06 Ekim 2020 00:42

Cam işçisi yazdı: Koşullar kötü, fazla mesailer zorunlu

“Çalıştığımız fabrikada çayları biz işçiler cebimizden karşılıyoruz. Fazla mesaiye kaldığımızda yemeğimizi evimizden getiriyoruz ya da tost, bisküvi gibi şeylerle karnımızı doyuruyoruz.”

Fotoğraf: Pixabay

Paylaş

Cam İşçisi
İstanbul

Merhaba Evrensel okurları. Kurtköy Sanayi’de 400 işçinin çalıştığı cam fabrikasında çalışıyorum. Sizlerle biraz çalışma koşullarından bahsetmek istiyorum. Sabah 08.00’den akşam 21.00’e kadar çalışıyoruz. Haftanın 7 günü 13 saat fabrikada üretim yapıyoruz. Fazla mesailer zorunlu. Fazla mesaiye kalmak istemediğimizi söylediğimizde amirimiz “Ne işin var” deyip karşı çıkıyor.

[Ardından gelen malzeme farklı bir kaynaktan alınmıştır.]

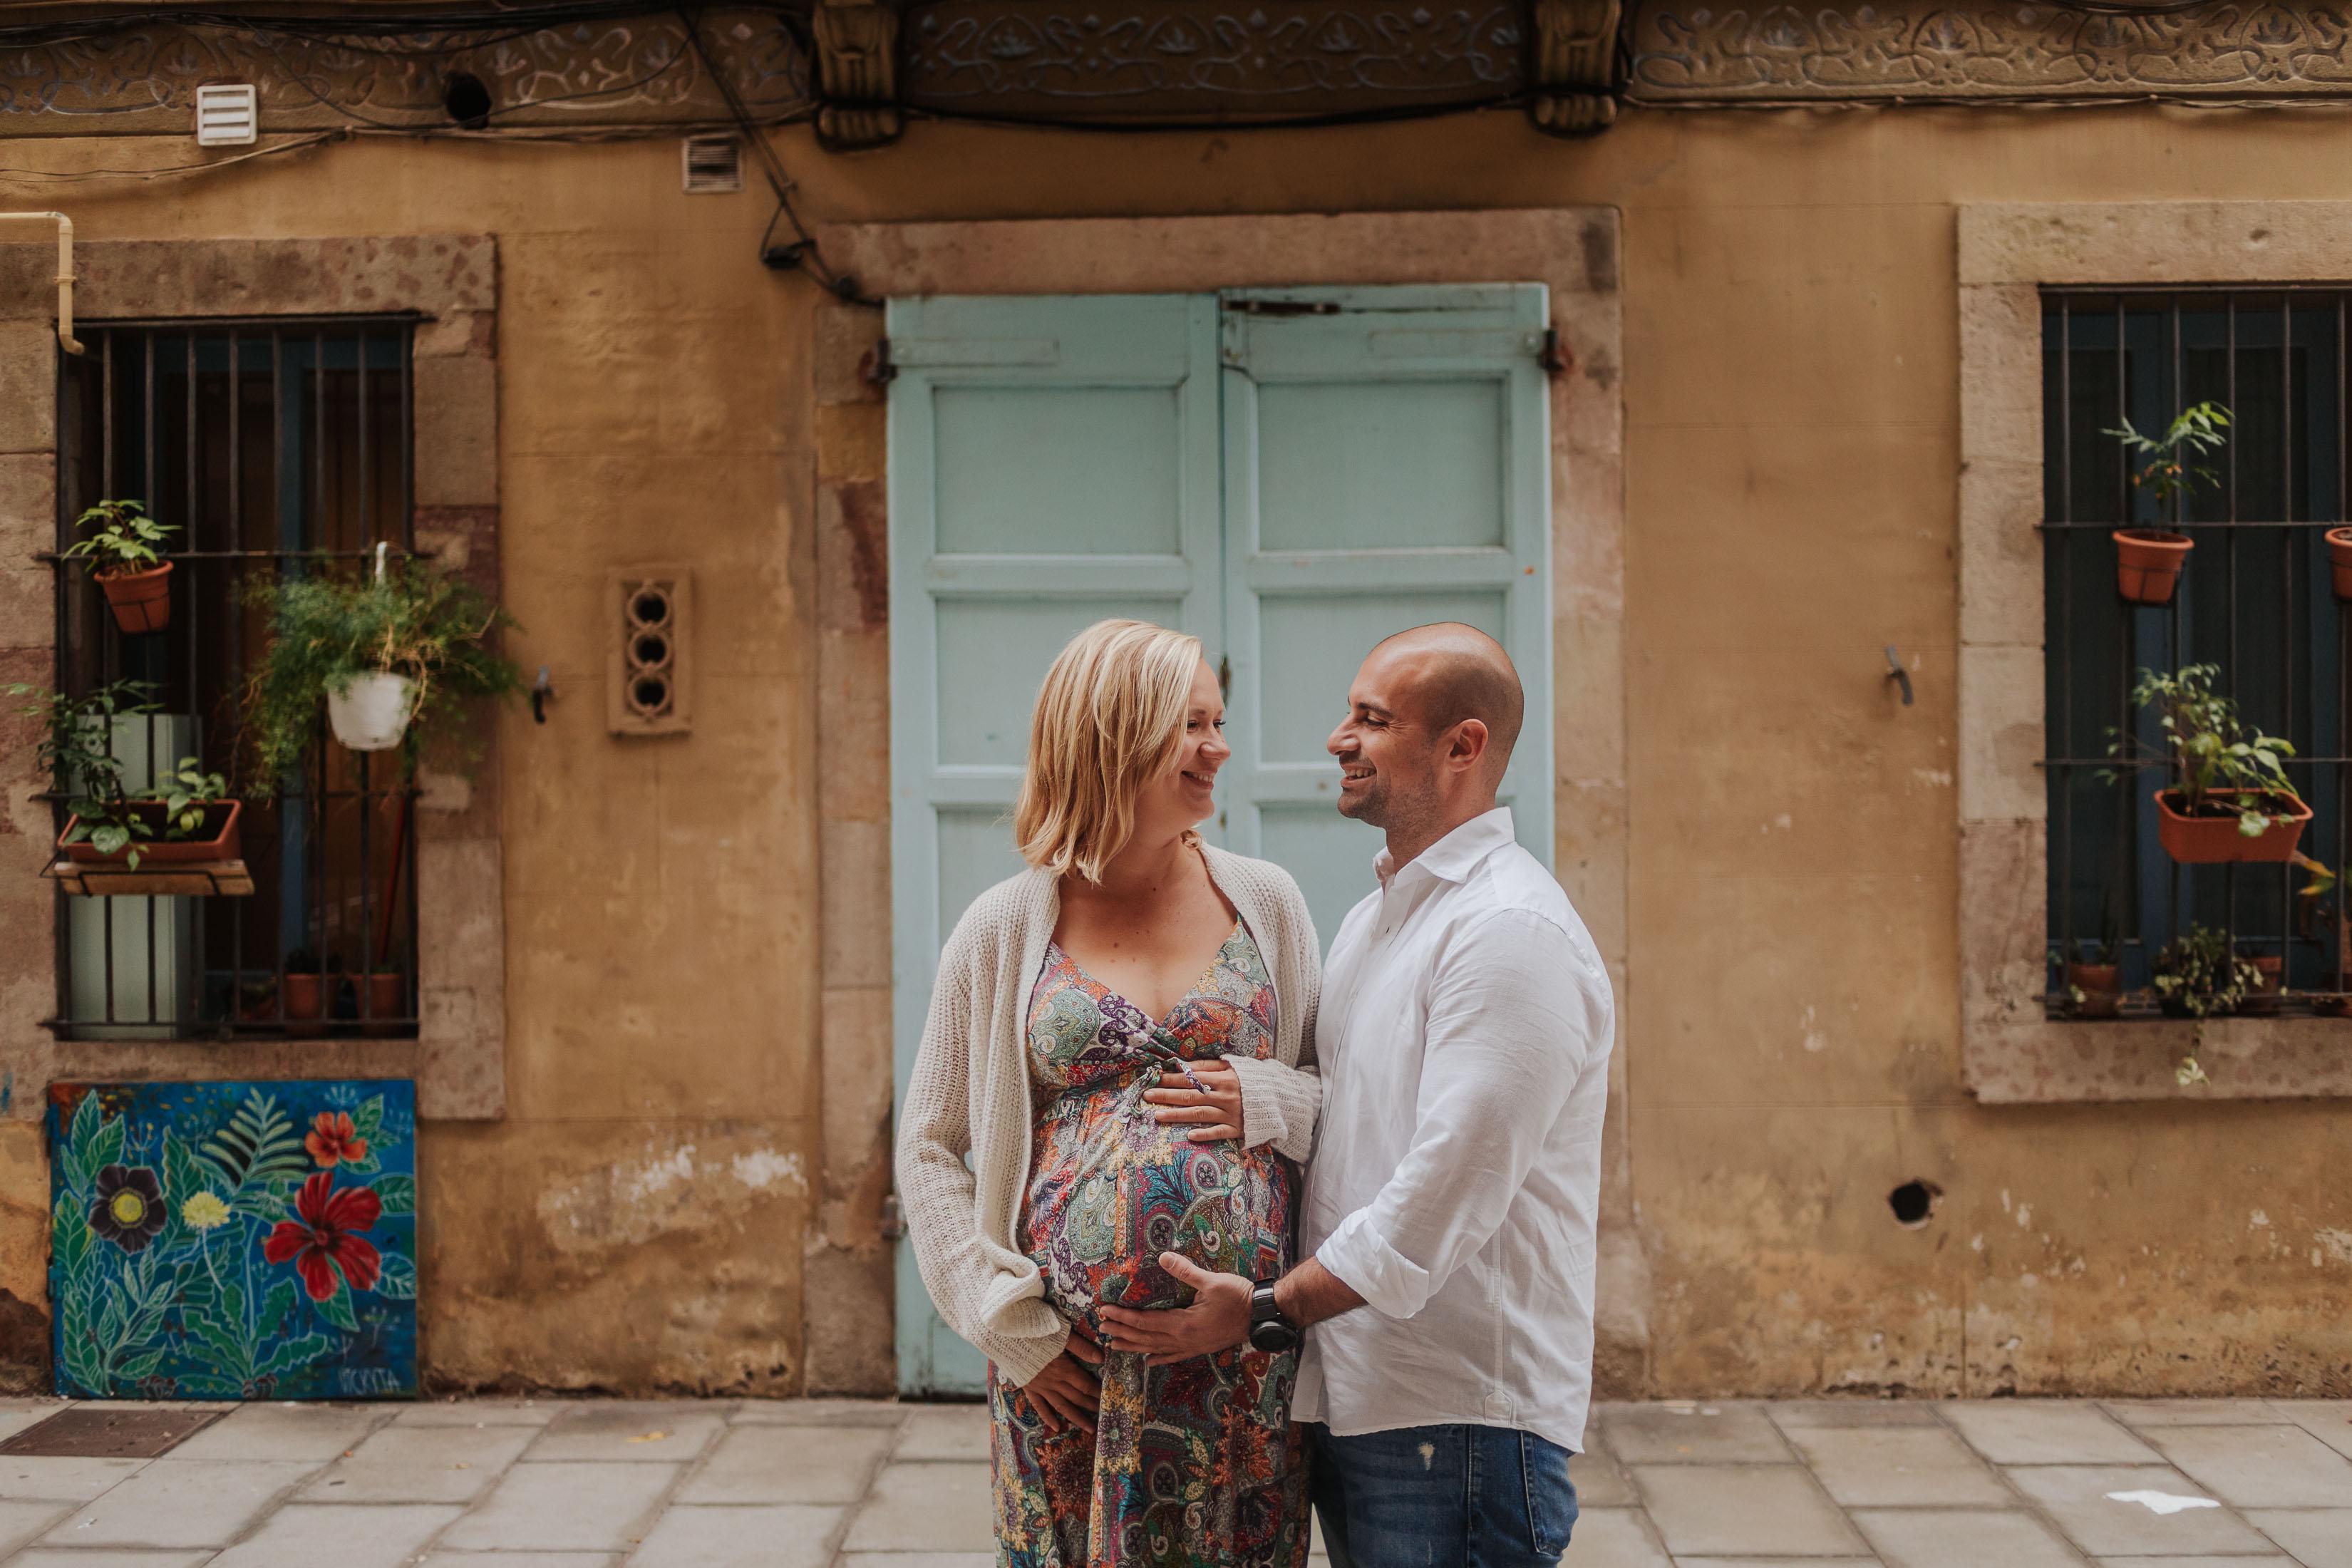 Fotógrafo embarazo Barcelona :: Fotógrafo embarazada Barcelona :: La Barceloneta :: Amanecer :: Salida del sol :: Pareja embarazada

Dışarıda bir işimiz olduğunda da izin verilmiyor. Geçenlerde bir arkadaş hastane randevusu almış, lakin izin alamadı. Bizlerin sağlık durumu onların hiç umurunda değil. Biz işçileri makine olarak görüyorlar, bizim ailemiz hayatımız yokmuş gibi üretime devam etmek zorunda bırakılıyoruz.

Çalıştığımız fabrikada çayları biz işçiler cebimizden karşılıyoruz. Aramızda para toplayıp çayımızı kendimiz alıyoruz. Fazla mesaiye kaldığımızda yemeğimizi evimizden getiriyoruz ya da tost, bisküvi gibi şeylerle karnımızı doyuruyoruz.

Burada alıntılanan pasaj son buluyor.